[e2e] Re: [Tsvwg] Really End-to-end or CRC vs everything else?
Jonathan Stone
jonathan at DSG.Stanford.EDU
Mon Jun 11 14:47:41 PDT 2001
In message <200106112048.f5BKmpF07926 at aland.bbn.com>Craig Partridge writes
>
>In message <5.1.0.14.2.20010611143202.0462bec0 at mail.reed.com>, "David P. Reed"
>
>writes:
>I think you've missed the point. In a prior note, you suggested a line of
>thinking of assume an adversary. Implicitly, that's an error model.
>
>So what if traffic doesn't match that error model -- that is to say, errors
>are not ones an adversary would pick -- then the checksum chosen is the
>wrong one.
Craig,
To be fair, there are several points kicking around here, and being
made to (or intended for) different audiences. The tsvwg folks are
under time pressure to (re-)decide on a check function. The e2e
folks can take a longer, or at least a middle-vision, view.
The way I'd put it to the tsvwg folks choosing a checksum is this:
if you start appealing to catching all but 1 in 2^32 errors (or
more accurately, 1 in 65521^2), then you have fallen into a fallacy.
You have just conflated a purely combinatoric result, about the ratio
of sizes of the domain and range of the error-check function, with a
probabilistic statement about how likely *in practice* you are to
catch errors. What should give you a serious wake-up call,is to hear
that even the constant function -- some constant 32-bit integer-- will
catch the same fraction of all errors. There's no grounds for
labelling *any* function (in the mathematical sense) as stronger than
another, unless we know something about the distribution of the
errors, or how well some particular function does against some
particular distribution. CRCs are not any stronger than
checksums, *unless* we happen to know that the distribution of
acutal errors tends to favour low Hamming-weight errors.
(the data I and Craig have, is that it doesn't.)
The point to Dave Reed is that the combinatoric argument is very
general and applies to any function, whether the constant function, or
a cryptographic hash, or a shared-secret key, provided we define
"error check bits" to properly measure the fraction of bit
combinations which are accepted, versus those which are
rejected.
One further thing I've mentioned in email is that I recently
re-analyzed the captured error datasets which I and Craig and Vern
gathered, and I did find one pattern which could be exploited here.

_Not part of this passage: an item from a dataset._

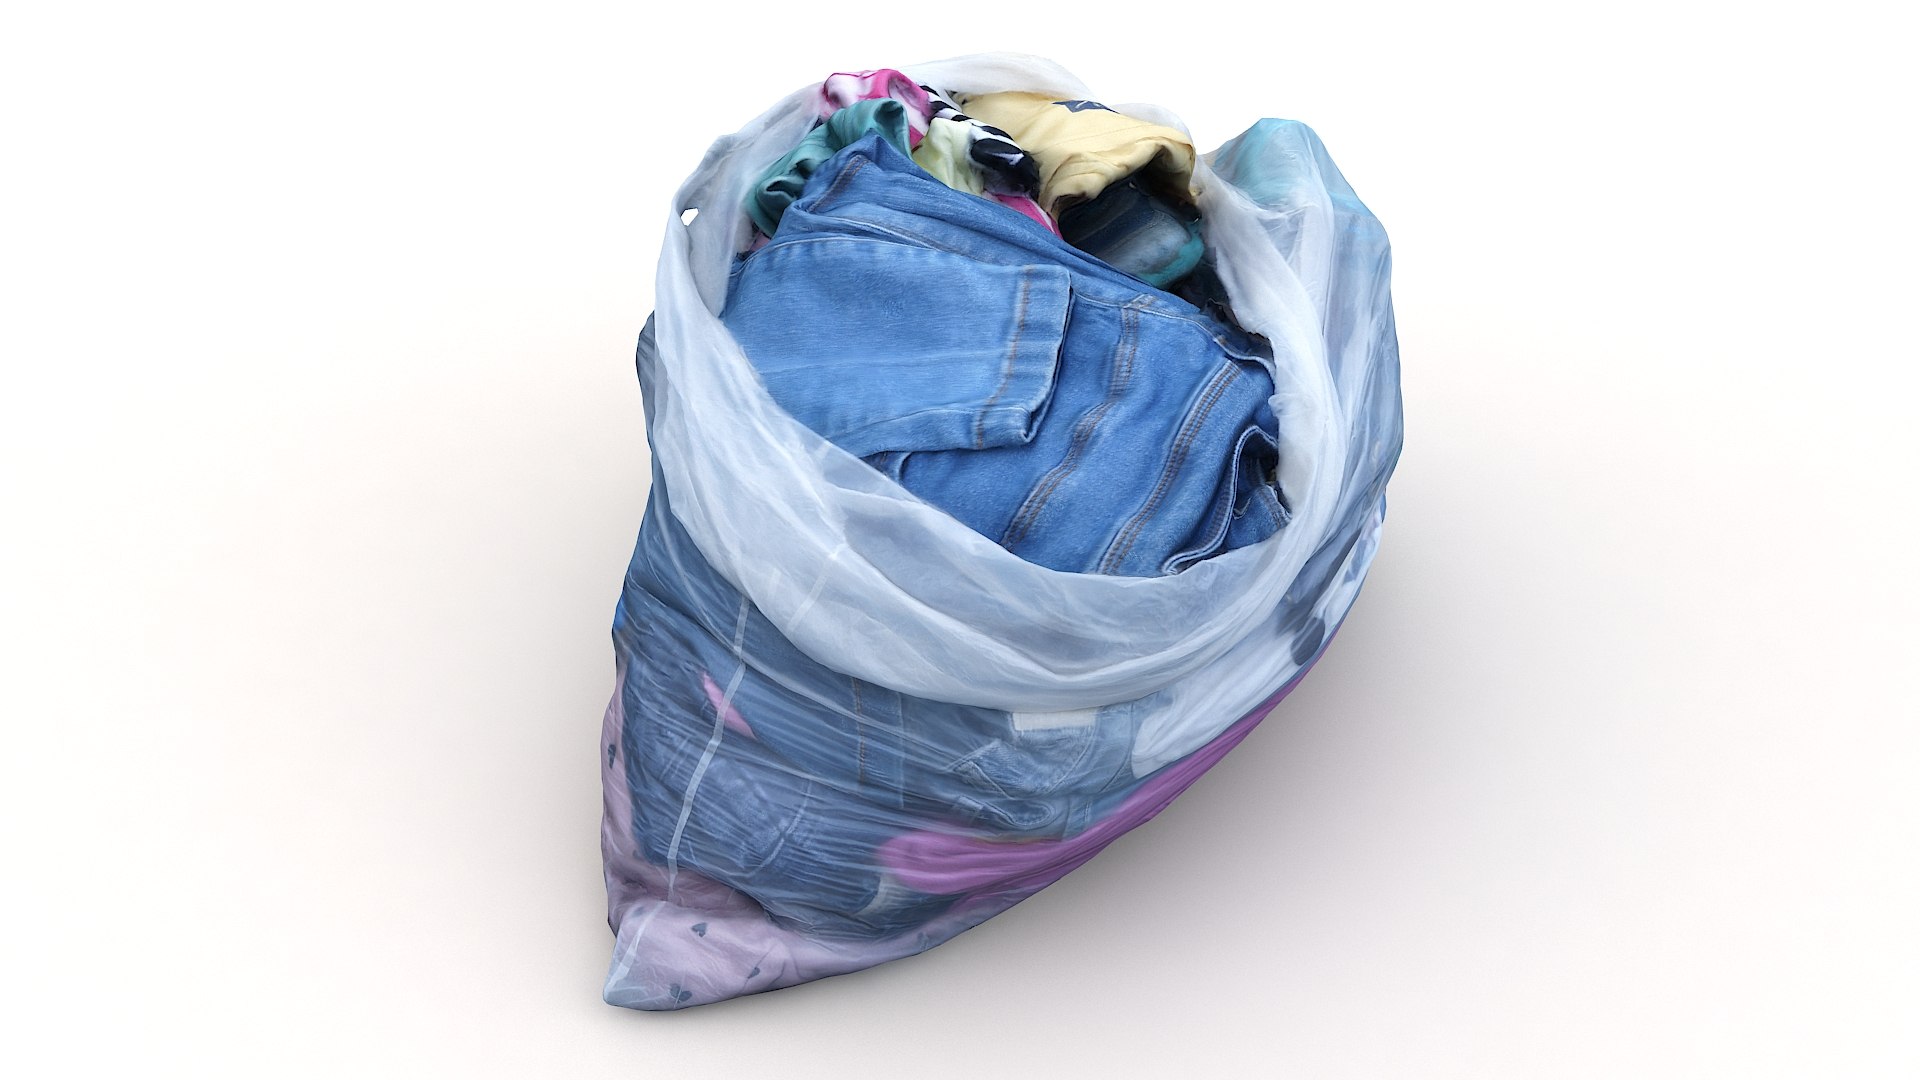 Garbage bag clothes 3D model - TurboSquid 1535497

The pattern is that the errors we found can be broadly characterized
into two classes: either single-bit or short, low-hamming weight
errors; or as errors where some prefix of the packet is bad; the
packet is subjected to an error; and the error continues all the way
to the end of the packet. The ratio of errored bits within that
damaged `tail' of packet is very close to 0.5.

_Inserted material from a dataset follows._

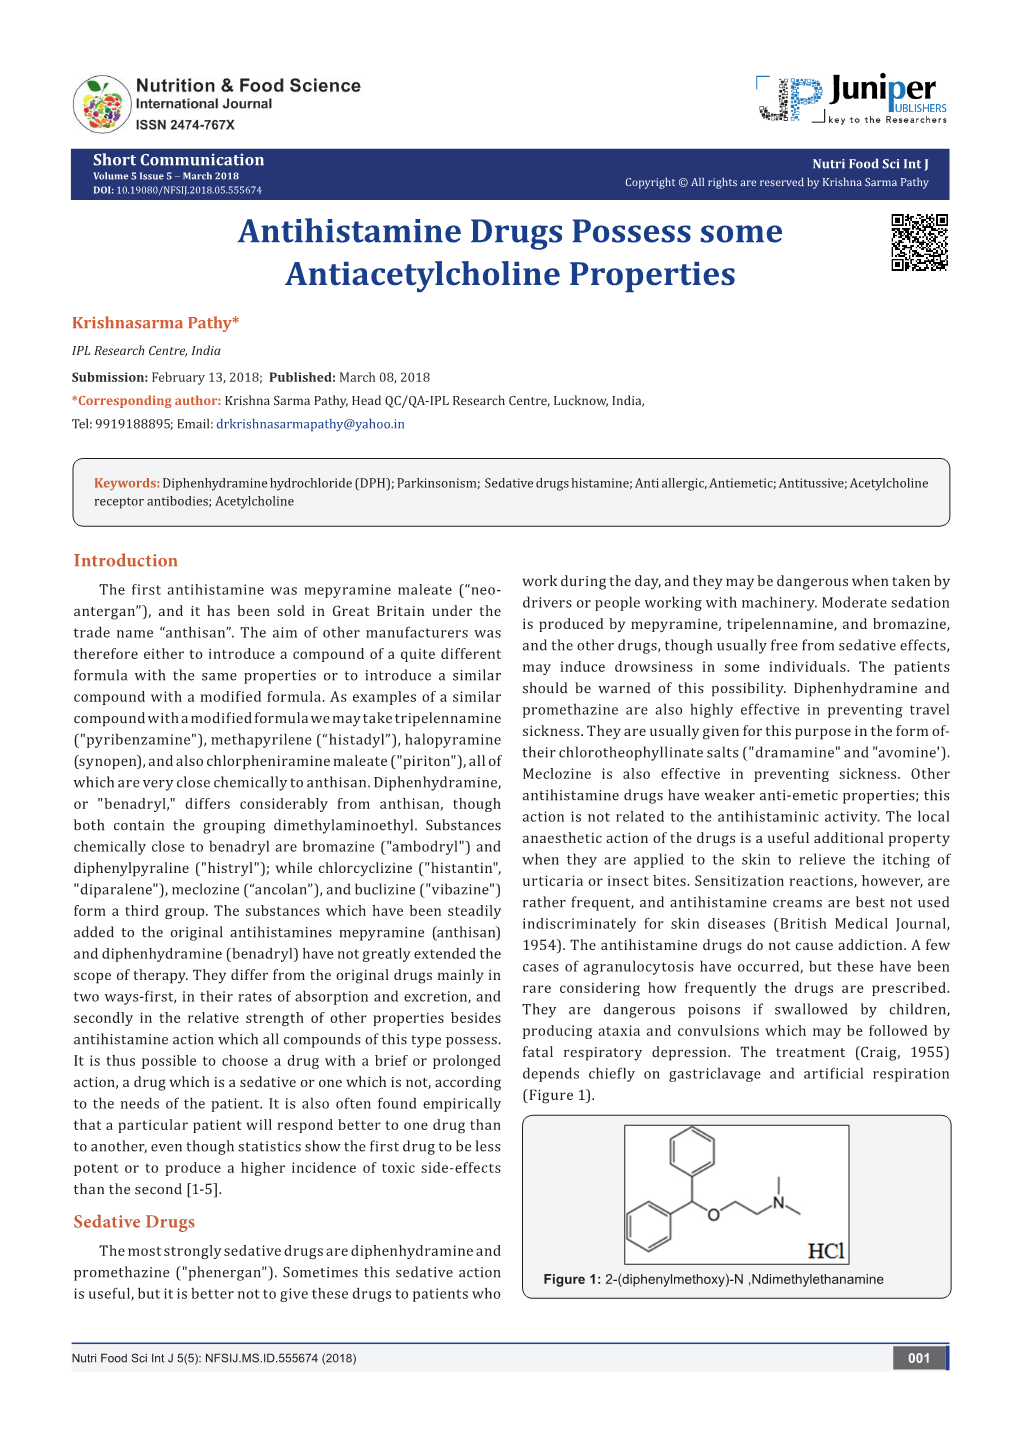 Antihistamine Drugs Possess Some Antiacetylcholine Properties

That suggests an error model where we model packet-level errors as due
to either signle-bit errors, memory-readout errors which affect a
single word or cache line; or due to `stateful' errors in the
hardware/software finite-state engines which move packets between
packet- buffer memory, and the hardware which implements some specific
media layer. (think of errors due to an under-run in a hardware FIFO,
or a bad bit in a DMA pointer register.)
There's two things to take away from that. The first is that the
errors we've acutally observed, in the only study of in-the-wildn
packet-level errors I know of, the errors are so heavy that, on
average, they affect more than R bits, for any R that's a plausible
error-check. That says we're only going to catch errors stochastically.
The second is that, since the errors seem to be stateful, putting the
error-cheeck information at the end of the packet rather than in a
fixed header field doesn't hurt, and (for the reasons we analyzed to
death in our 98 ToN paper) will acutally help, for the kinds of
nonuniform data we find in filesystems.
If there's anything i can recommend to the tsvwg, its to pick even a
32-bit extension of the TCP checksum, rather than Adler32; and to
think seriously about moving the error-check bits to the end. Not to
help hardware, but to make whatever error-check you use more resilient
against errors in packet-processing engines which (once an error does
hit) trash the remainder of the packet.